M. Powell, qui s’est réjoui de ce que les objectifs de la FED étaient atteints (croissance de 3 %, chômage au plus bas depuis un demi-siècle à 3,7 % et inflation autour de 2 %) a aussi tenu à remettre à plat les risques réels encourus par l’économie américaine. Les dernières crises ayant été provoquées non pas par l’inflation, mais par l’explosion de deux bulles financières (Internet en 2000 et l’immobilier à partir de 2007). Dans cet état des lieux de l’économie américaine, M. Powell a identifié quatre vulnérabilités, susceptibles d’entraîner l’effondrement du système en cas de choc inattendu.

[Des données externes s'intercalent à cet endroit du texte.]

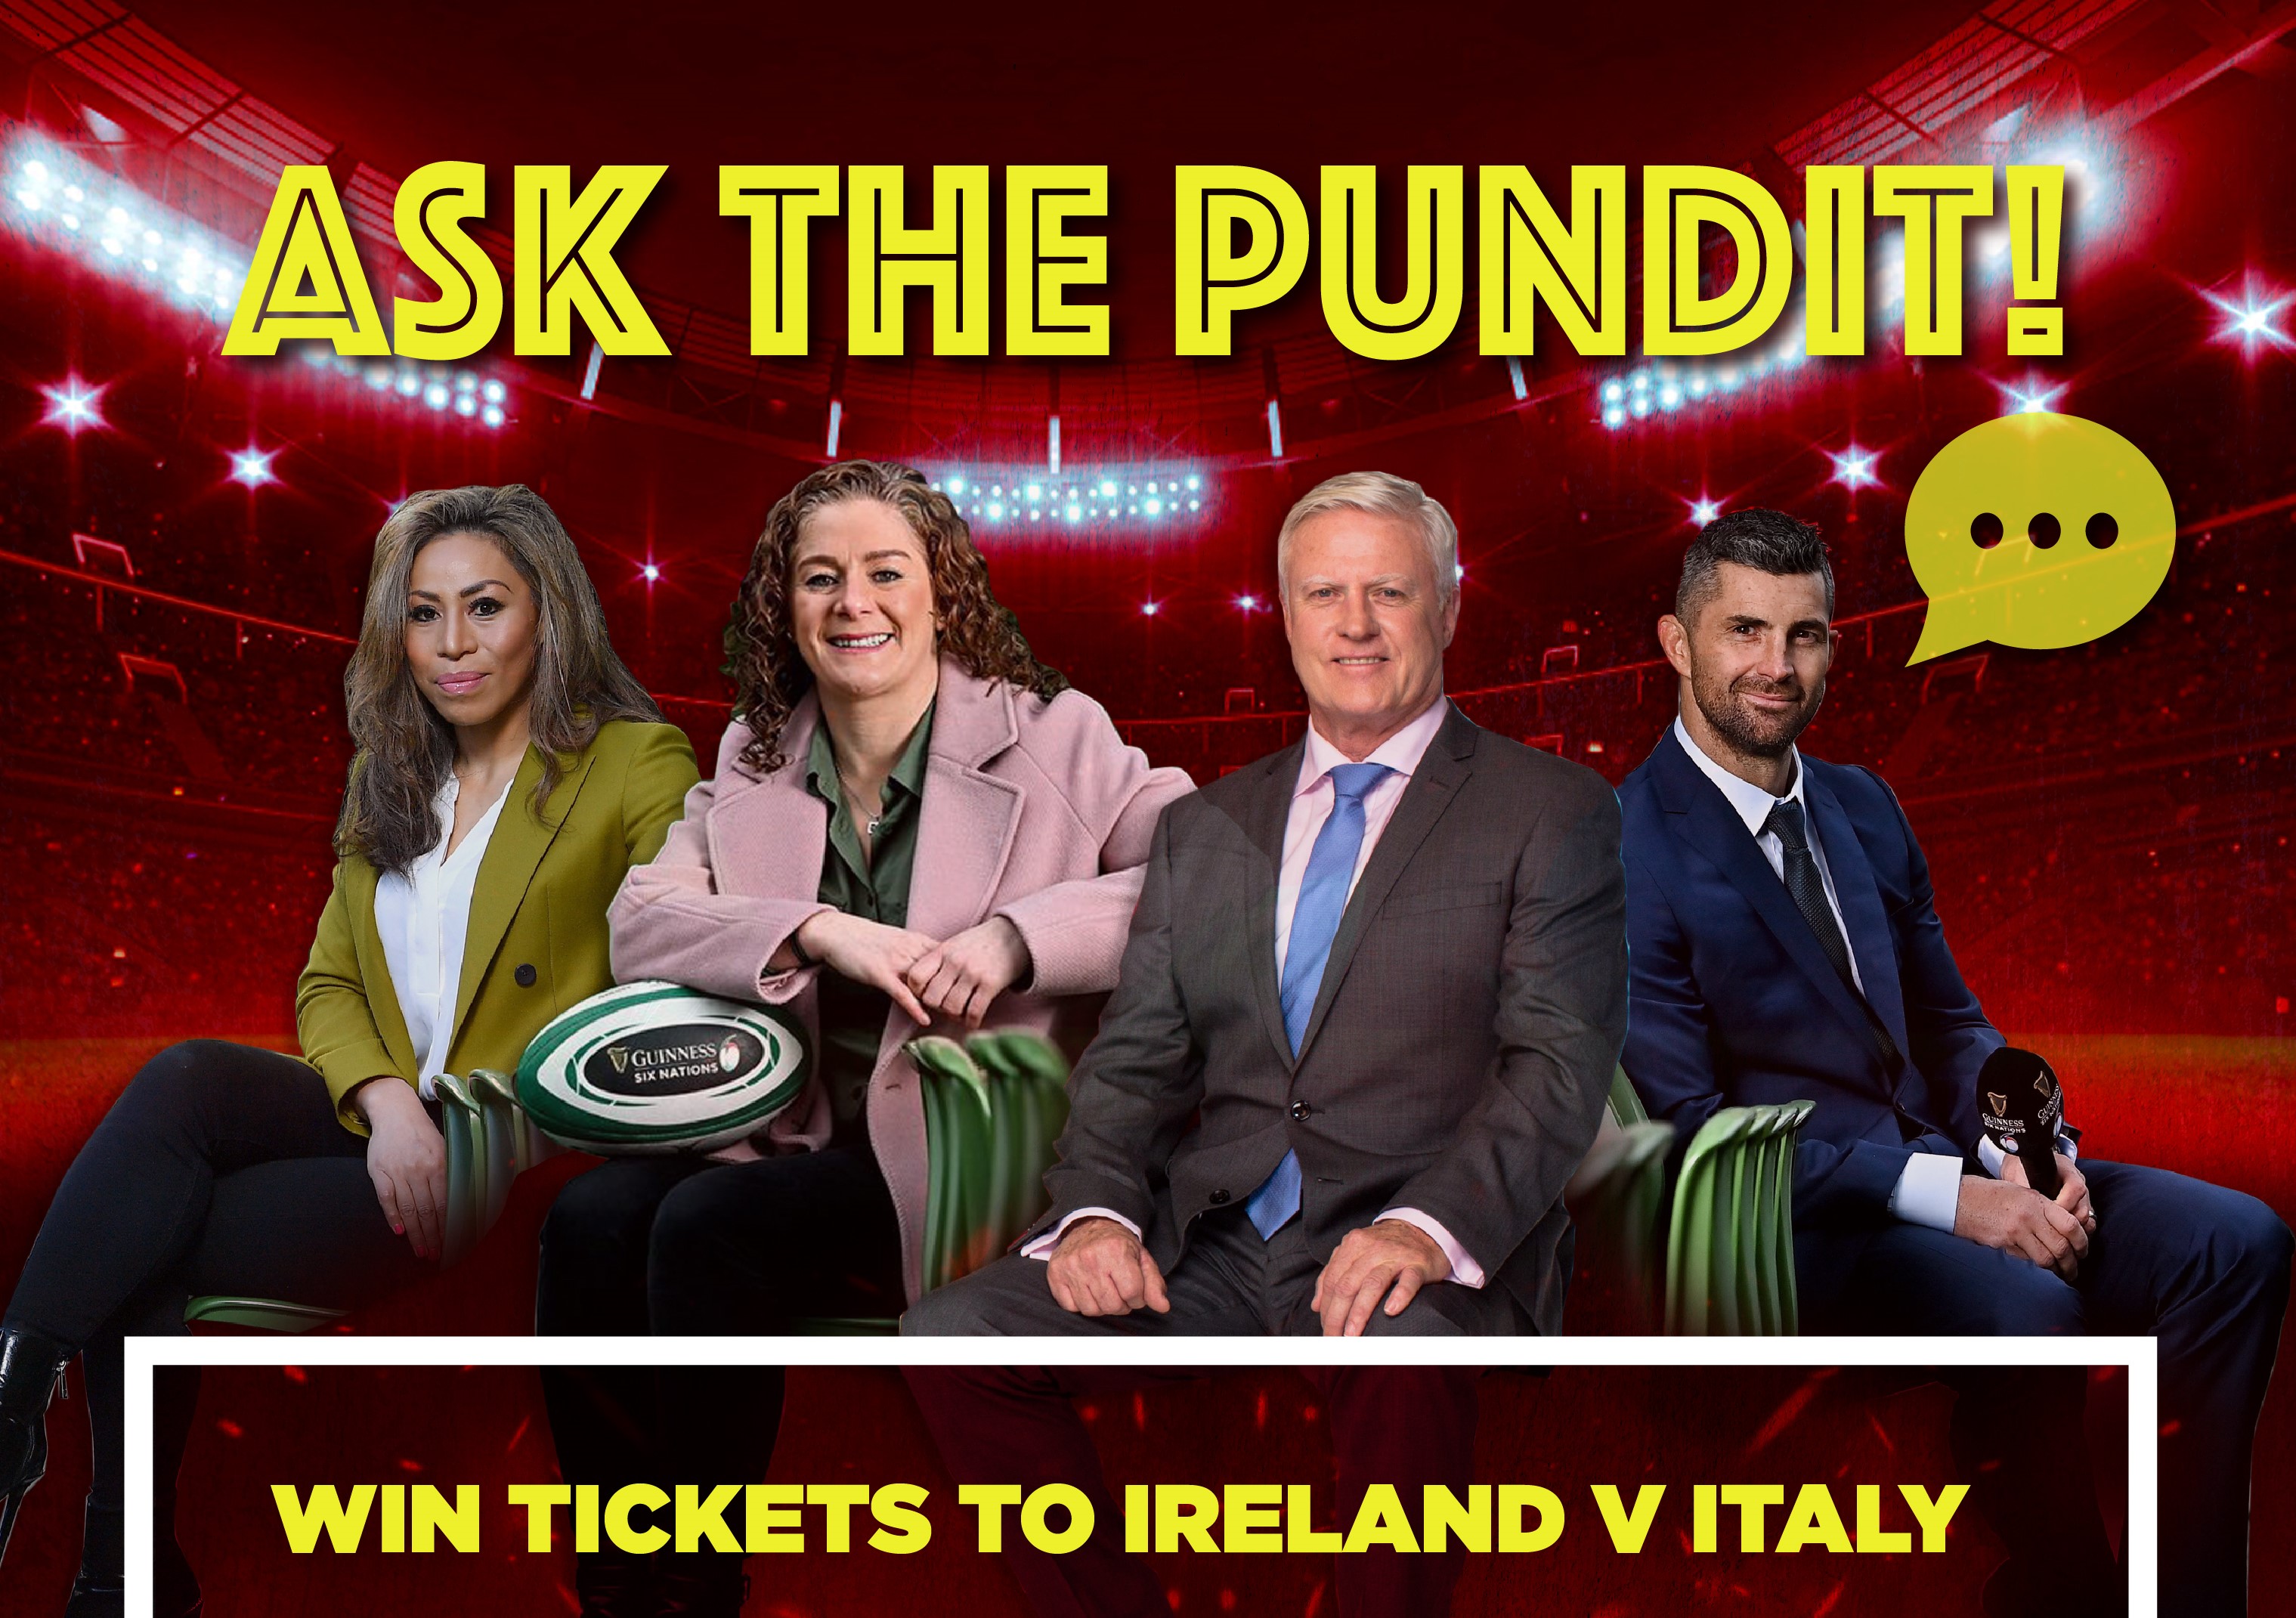 Ask the pundit!
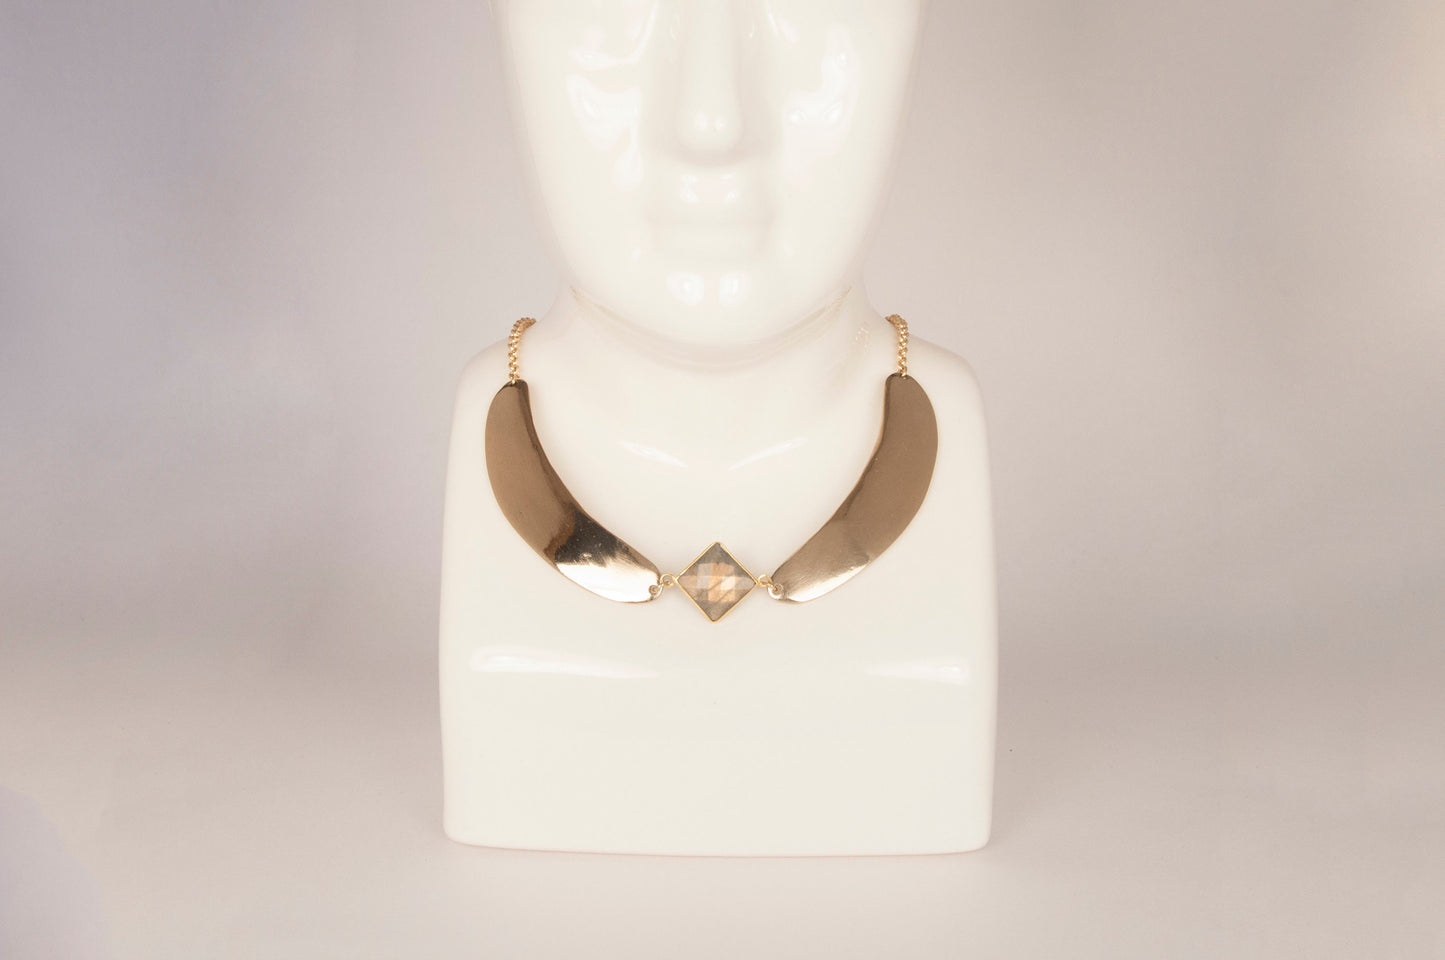 Crystal Collar Necklace or Crown

La première concerne le risque de surendettement des établissements financiers, comme celui qui accéléré la crise de 2007. Sur ce plan, pas de souci : le niveau de capitaux des banques, des assurances et des sociétés de Bourse « apparaît robuste ».

Deuxième sujet de préoccupation, la liquidité, qui avait disparu pendant la grande récession, personne ne voulant prêter à personne, provoquant des paniques bancaires. Sur ce plan aussi, « les vulnérabilités sont basses ».

Vient ensuite la dette des ménages et des entreprises : pour les premiers, elle ne représente pas une « menace systémique ». Pour les secondes, en revanche, l’inquiétude est assez élevée, même si les faillites en chaîne pourraient sans doute être évitées.

Quatrième risque, les bulles financières : le Président de la FED s’inquiète du prix élevé de l’immobilier commercial et de la dette à risque des entreprises. En revanche, il ne voit pas « d’excès dangereux sur la Bourse », invitant les observateurs à distinguer la « volatilité » – que connaît actuellement Wall Street – et les événements qui menacent la stabilité financière. Bien sûr, il peut y avoir des chocs – crise de la dette italienne, tensions dues au Brexit –, mais, estime M. Powell, « les banques américaines ont les capitaux pour affronter des événements hautement disruptifs ».

Absence prévisible de catastrophe n’est néanmoins pas synonyme de croissance perpétuelle. « Les cycles économiques ne durent pas éternellement », a confié M. Powell. Outre les problèmes de l’Europe, la Fed s’inquiète du fait que le ralentissement chinois pèse sur les Etats-Unis et que les tensions commerciales rendent les investisseurs et les entreprises moins enclins à prendre des risques. Mais les opérateurs veulent croire que l’économie américaine saura atterrir en douceur et éviter une récession au cours des deux prochaines années.